As for the music’s resolution: many say that no one can tell the difference between a 320 kbps mp3 file versus what you would hear on the CD. Nevertheless, there is a difference in the nature of the product, and those selling it are aware of it; yet they are not figuring it into the price-point for that product. It’s a little bit like a furniture-maker selling a dresser made out of plywood but stained to look like cherry at the same price as a dresser made from real cherry, because, well, it looks the same.
And further to the point, Amazon does not offer 320 kbps mp3s; they currently encode them at a maximum of 256 kbps.
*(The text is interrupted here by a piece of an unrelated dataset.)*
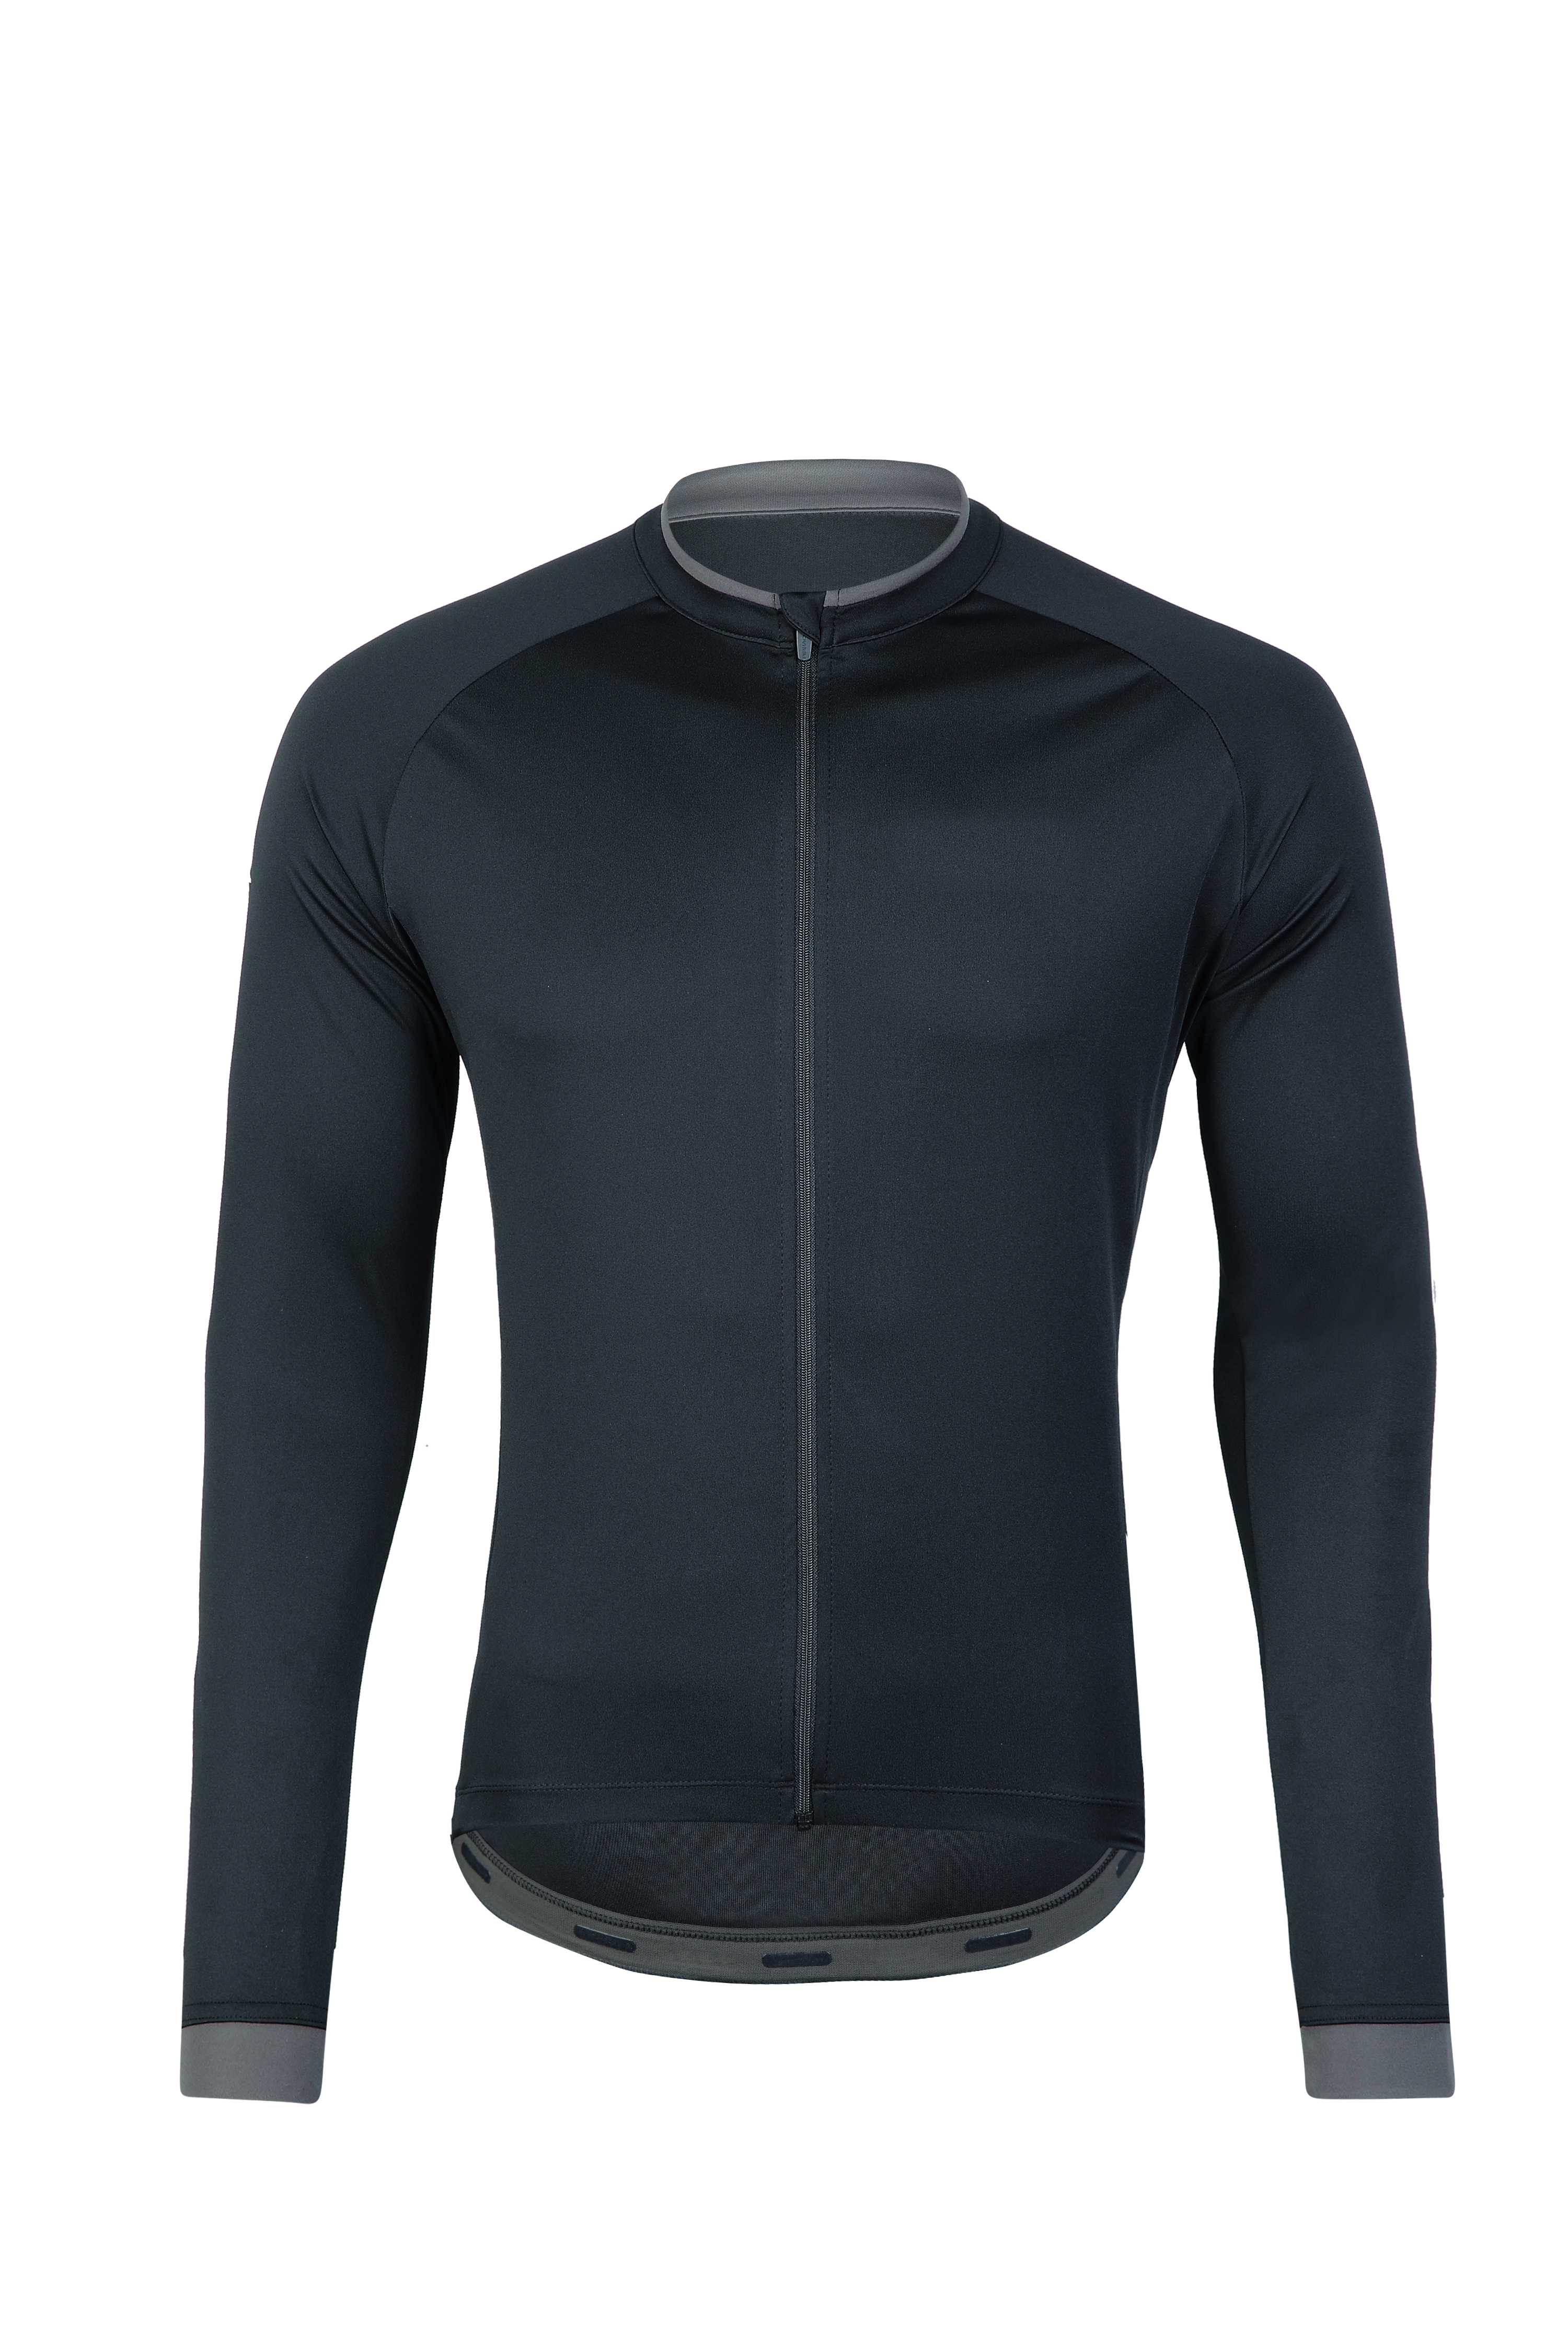 Men’s knitted cycling L/S Jersey.

I don’t use iTunes, but I’m sure that what they’re offering is roughly equivalent.
It has seemed to me for a long time that online music retailers ought to offer customers at least the option of downloading their music in a lossless format, like flac. People who don’t care about the resolution issues wouldn’t bother downloading those, because they would take so much longer and not be usable in the same way on an iPod, but those that do care could at least know that for the price they’re paying they’re getting the full monty, so to speak.
However, what I really think would be a shot in the arm for online music sales would be if they simply ceased applying the same pricing model to downloadable digital files as was (and is) applied to real CDs. Sell all online music files at about 39 cents, and all single CD albums at about $3.99. Record companies ought to be going through their vaults and archives and making absolutely everything available online. The selling points for online music ought to be (1) you can get anything of which you can conceive, easily and quickly and (2) it’s cheap!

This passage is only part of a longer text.